The charges, ranging from terrorism to assassination, participation in an insurrectionary movement and mutilation, have been attributed to pro-Kamwina Nsapu armed fighters in the dock or on the run. Since the murder of UN experts on March 12, 2017, the Security Council has been crying out about the "ambush" in which Catalán and Sharp would have fallen. The council even spoke, in 2018, of the involvement of senior Congolese state officials.

Insufficient verdict, for families

During the trial, prosecutors at the Kananga Military Court argued that the fighters were seeking revenge against the UN. The Kamwina Nsapu rebels accuse the authority of not having prevented the attacks of the Congolese army against them.

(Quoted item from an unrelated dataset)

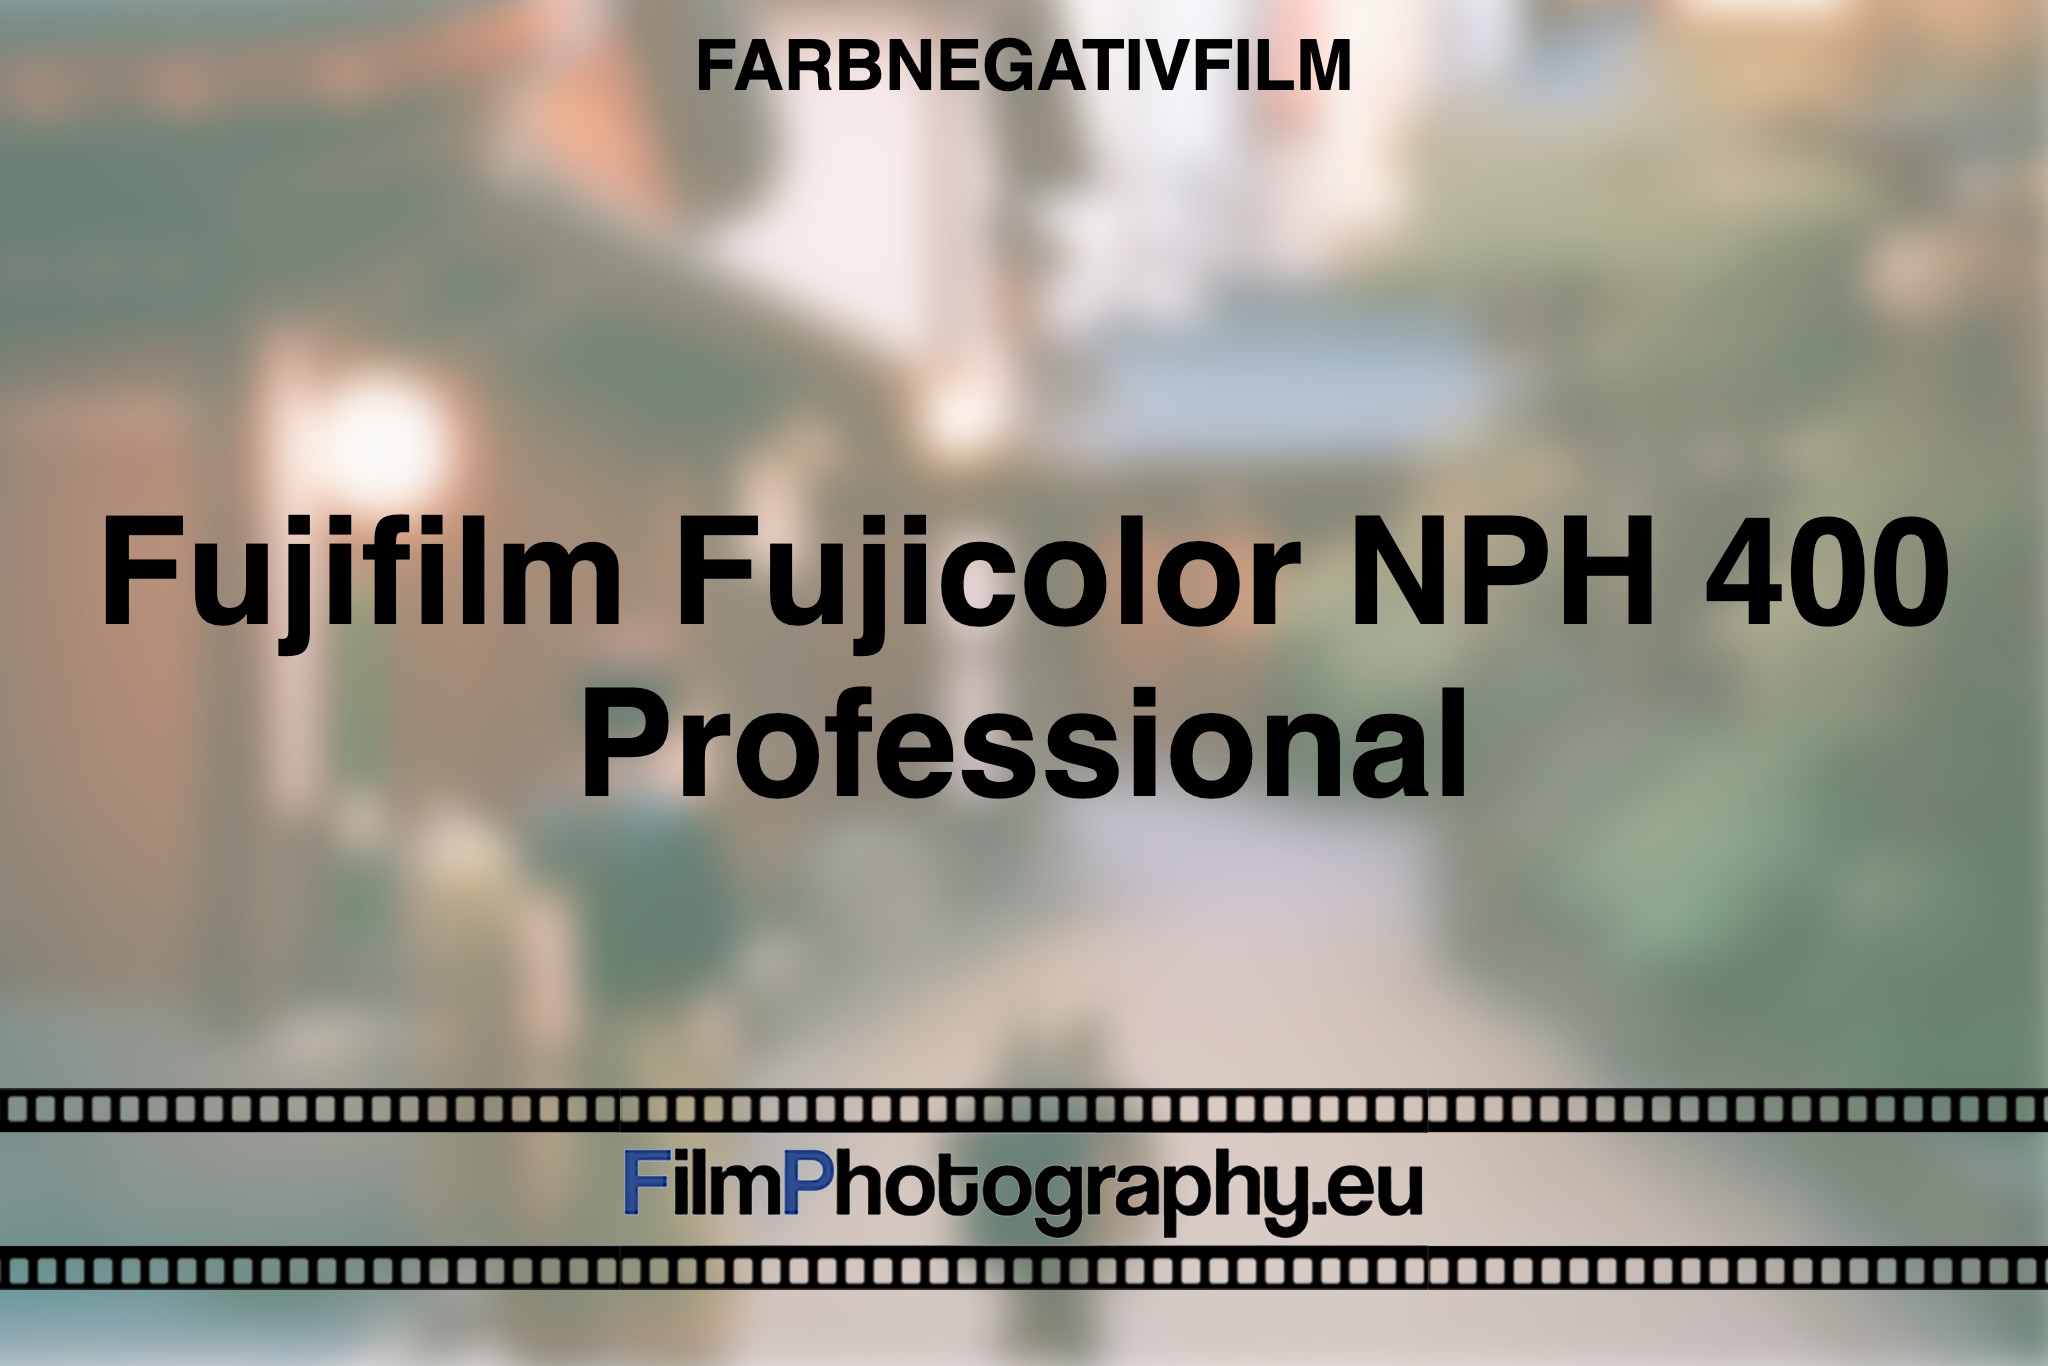 fujifilm-fujicolor-nph-400-professional-farbnegativfilm-bnv

For Zaida Catalán's sister, Elisabeth Morseby, the testimony in the case was of questionable reliability. The accused would have spent, according to her, too much time together in prison. The family of the Swede, as well as her government, insisted after the verdict on the importance of continuing the investigation. Swedish Foreign Minister Ann Linde tweeted: "We will study the verdict, and remind that it can be appealed".

During the early stages of the trial, several senior army officers were briefly interrogated. Only one was sentenced on Saturday. Colonel Jean de Dieu Mambweni was in collusion with the militiamen, to whom he provided ammunition. Mambweni was eventually sentenced to ten years in prison for “disobeying orders and failing to assist a person in danger”.

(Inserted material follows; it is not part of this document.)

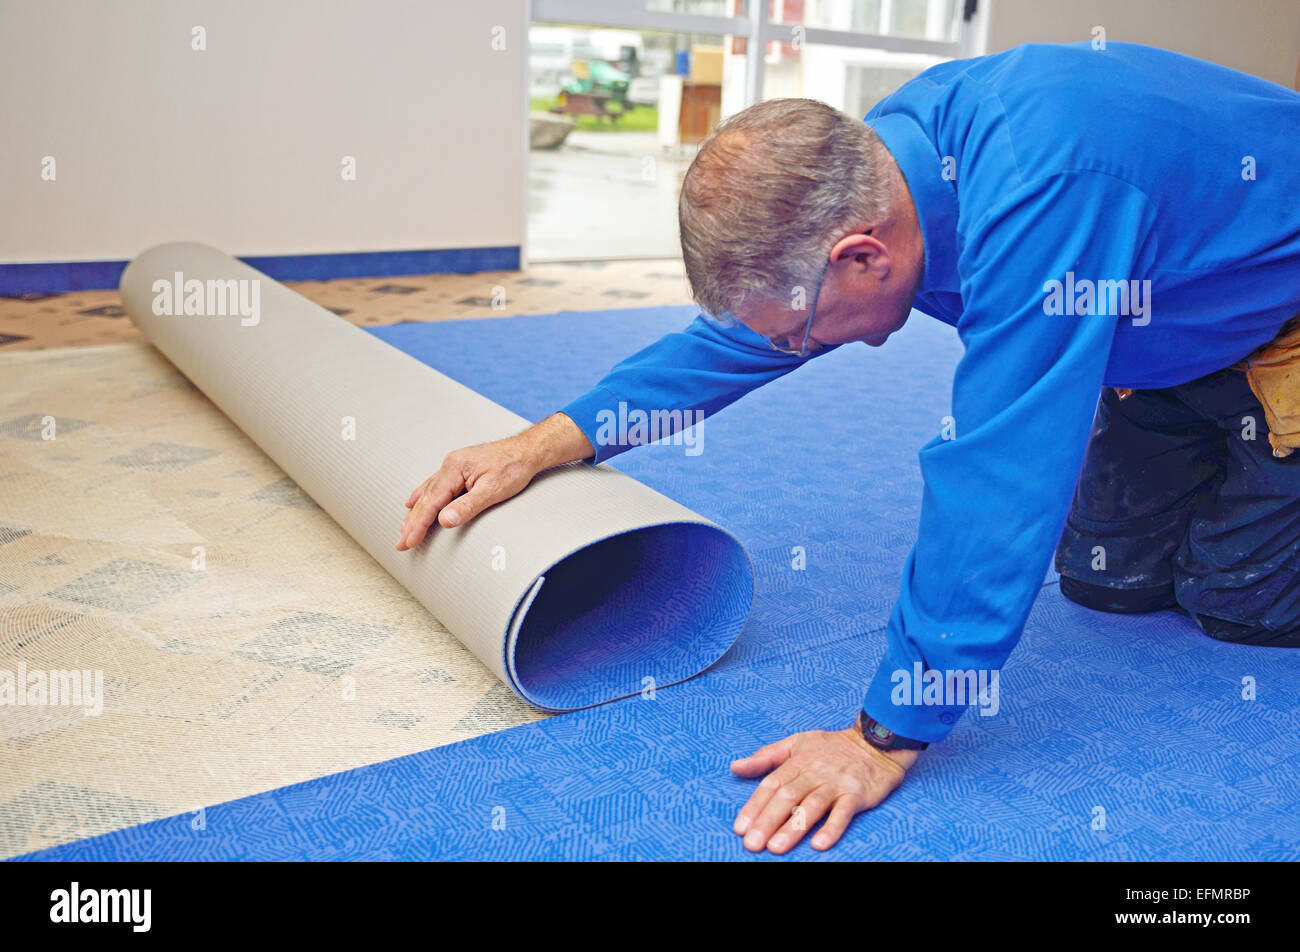 Carpet Knee Kicker Stock Photo - Download Image Now - Carpet

The aftermath of the “first genocide of the XNUMXst century”

The Kamwina Nsapu rebellion erupted in 2016 after the alleged rape of family members of a traditional chief of the Luba ethnic group – the ethnic group of current President Félix Tshisekedi, himself Baluba from Kasai. In light of the selective killings targeting non-Lubas, Congolese journalist Bruno Kasonga called the Kasai conflict the "first genocide of the 21st century".

During the conflict, several abuses are attributed to the Congolese army. Civilian casualties are estimated at more than 3 and many NGO workers are among the casualties. Swede Zaida Catalán and American Michael Sharp, deployed by the UN Security Council to investigate civilian massacres, were beheaded and buried in March 000.

Read: Russia wants to end Western UN experts in Africa

The news and the accusations made by the army against the Kamwina Nsapu, put a stop to hostilities. The heavy military intervention of the FARDC put a bloody end to the conflict. Since the arrest of some twenty of those accused of the assassination of UN experts, the trial has dragged on. In view of the accusations of the families of the victims and of the international authorities, the verdict of this Saturday does not mark, either, the end of the judicial soap opera.